Let’s zoom in on the server chip on the bottom left:
As best we can figure, that is the “Knights Landing” Xeon Phi parallel processor, launched in June 2016, and we counted all 76 of the cores there. In the production machine, because of yield issues on this monstrous processor, which has over 8 billion transistors, Intel only delivers 72 cores on the top bin part. The most common parts have 64 cores, or only 84 percent of those on the die, fired up. So the yields must be kind of challenging.
The Easter egg that Bohr put in his charts is the server chip that is center bottom of the 14 nanometer family. Take a zoom in:
There is a very, very high probability that this is none other than the top-bin 28-core Skylake Xeon processor, unmasked.
Honey, I Shrunk The Chips
While the Xeons are still waiting to get the 14+ process, all eyes are on the 10 nanometer processes that have given Intel a bit of a headache bringing to market because these will be the etchings the future of the Xeon product line from 2019 through 2021
The move to 10 nanometer processes has aggressive hyperscaling on various features, according to Kaizad Mistry, corporate vice president in the Technology and Manufacturing Group and co-director of logic technology development. Here is how the shrinkage looks across different parameters:
With the improved transistor designs, the 10 nanometer processes (due to have wafer starts late this year and coming to market in client PCs in early 2018 we think) will yield a transistor density of 100.8 million transistors per square millimeter (MTr/mm2), compared to 15.3 MTr/mm2 for the 22 nanometer processes and 37.5 MTr/mm2 for the 14 nanometer processes.
In addition, the FinFET fins in the 10 nanometer processes are 25 percent taller and 25 percent skinnier than those used in the 14 nanometer processes, which in turn were about 30 percent taller and skinnier than the initial FinFET fins in the 22 nanometer processes, and this yields higher performance and lower power for the transistors. Adding to this is a the fact that Intel is moving the transistor contact atop the active gate, instead of below it, and that is giving Intel back another 10 percent of the transistor area that can be used to cram more transistors on a die and keep Moore’s Law moving. On top of this, Intel is implementing a single dummy gate architecture for logic cells, instead of the double dummy gates at cell boards, and this is giving back yet more area for useful circuits – somewhere around 20 percent of the effective area, with the most effect on a 2-imput NAND cell and the least on the complex scan flip-flop logic cell. (These are the two circuits that are used to calculate transistor density.) The upshot is that with the 10 nanometer process move and the hyperscaling features mentioned above, Intel can get another 0.37X scaling factor moving from 14 nanometers to 10 nanometers – the same as it got jumping from 22 nanometers to 14 nanometers and better than it has averaged with prior process node jumps.
This provides a 2.7X improvement in transistor density over the course of about three and a half years, and about 2X the density that competitive 10 nanometer processes will be yielding at about the same time, according to Mistry.
As with the 14 nanometer processes, the 10 nanometer ones will sport interim 10+ and 10++ tweaks with increase performance on the transistors. Here is what it is looking like:
The usual tradeoffs between active power and performance apply, but the initial jump to 10 nanometers yields a 25 percent improvement in transistor performance and the 10++ jump at the end will yield another 15 percent at constant active power. It doesn’t look like the 10+ process will do much here in terms of power efficiency or increased performance, since it logically has to be between these two lines.

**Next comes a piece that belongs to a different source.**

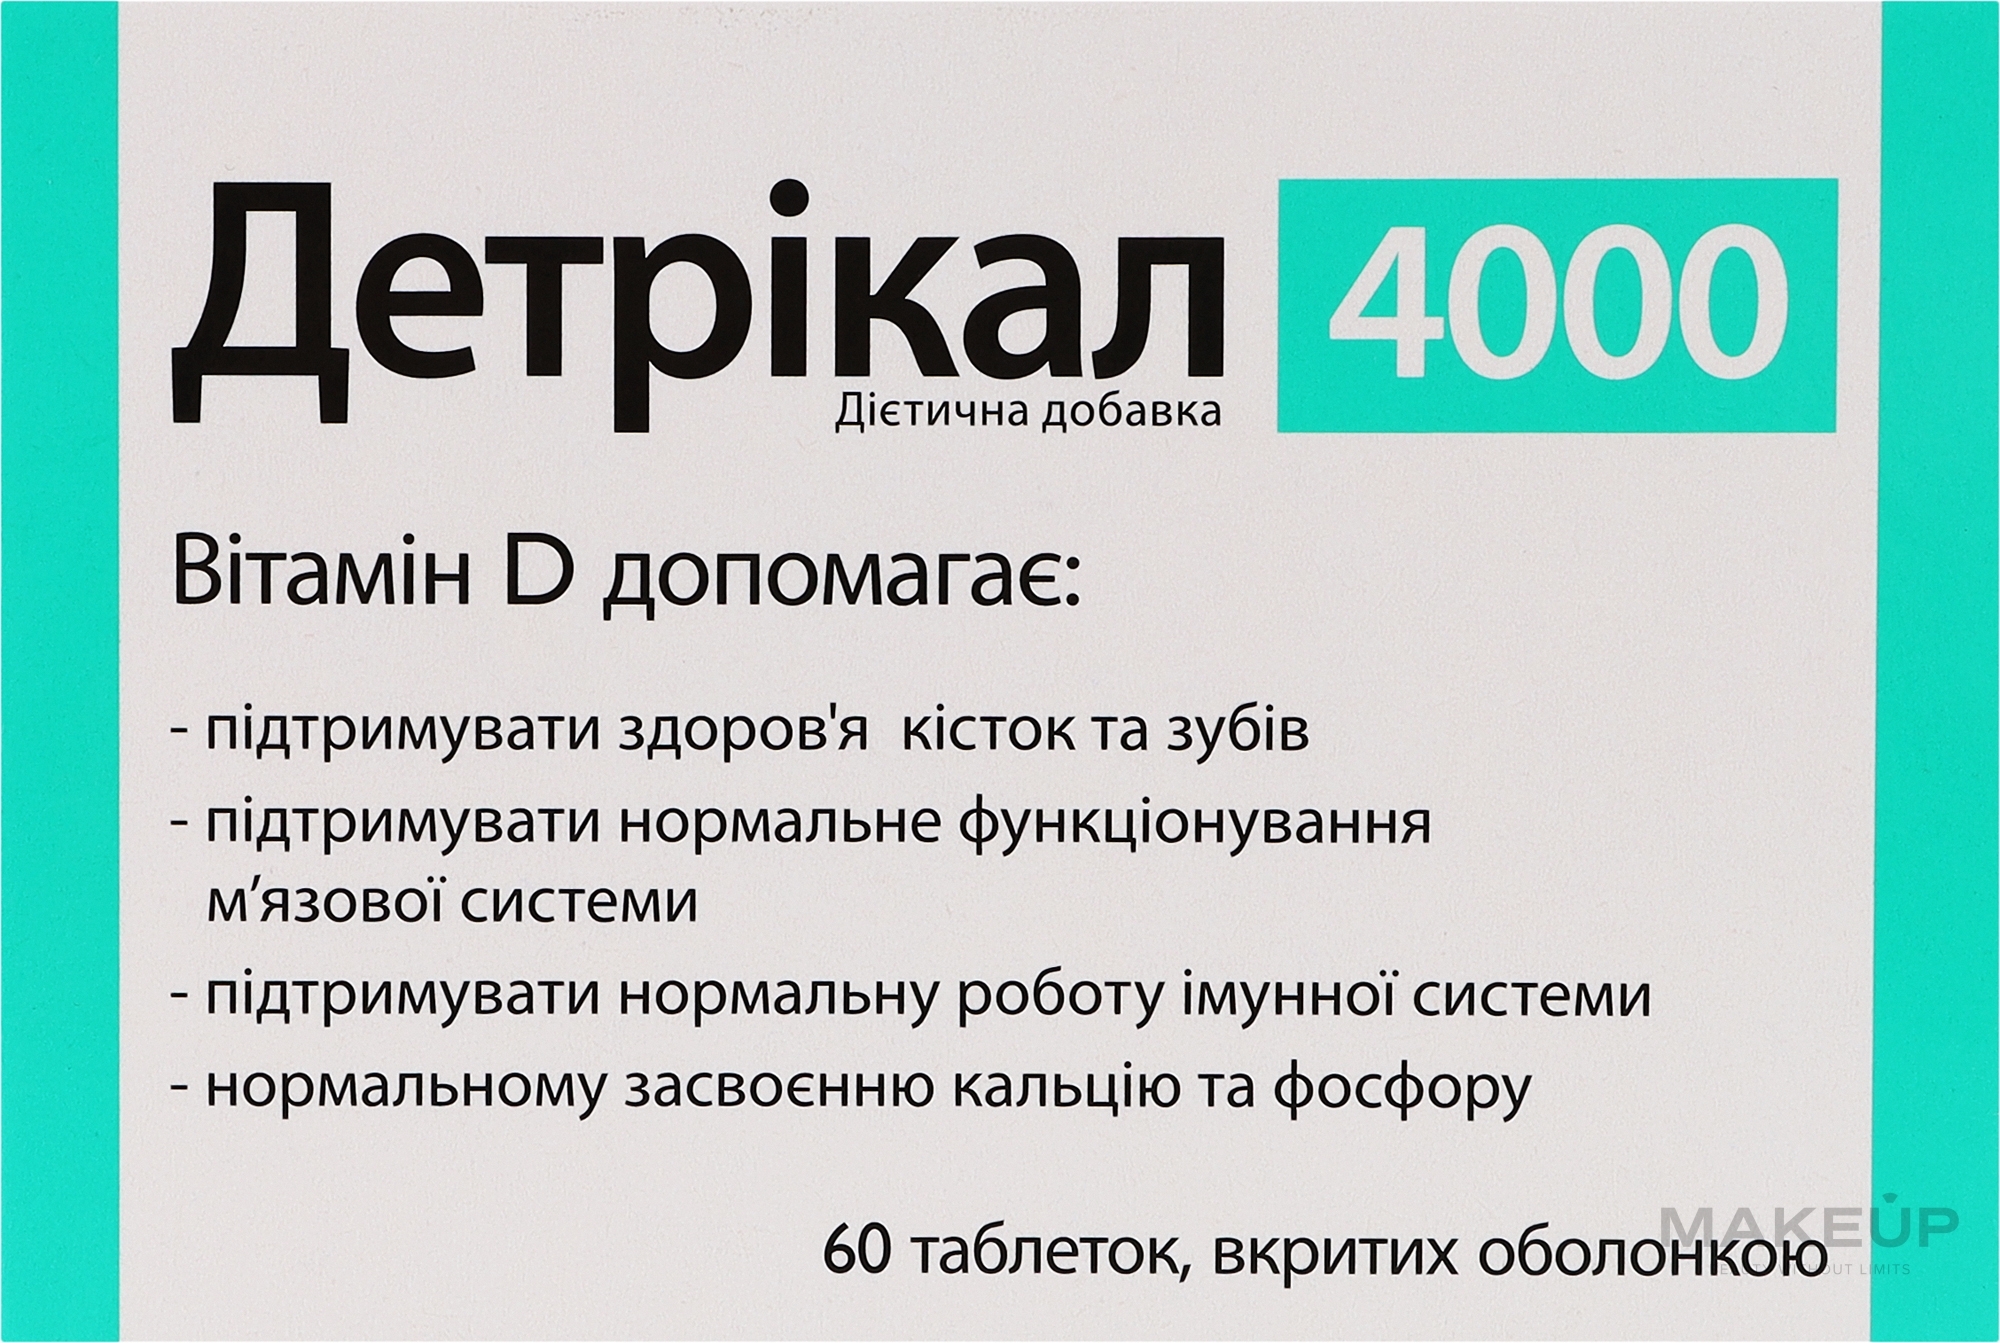 Дієтична добавка "Вітамін D" - Zdrovit Detrical 4000 — фото 60шт

The 10 nanometer processes will enter manufacturing in the second half of this year, and is to be used in the “Knights Hill” kicker to the current Knights Landing Xeon Phi and will debut in the “Aurora” supercomputer being made by Intel and Cray for Argonne National Laboratory. If the roadmap scuttlebutt is right, then 10 nanometer processes will be used for the “Cannonlake” Xeons due in 2019 and for two generations, using 10+ and 10++ processes, after that, and that gets us to 2021.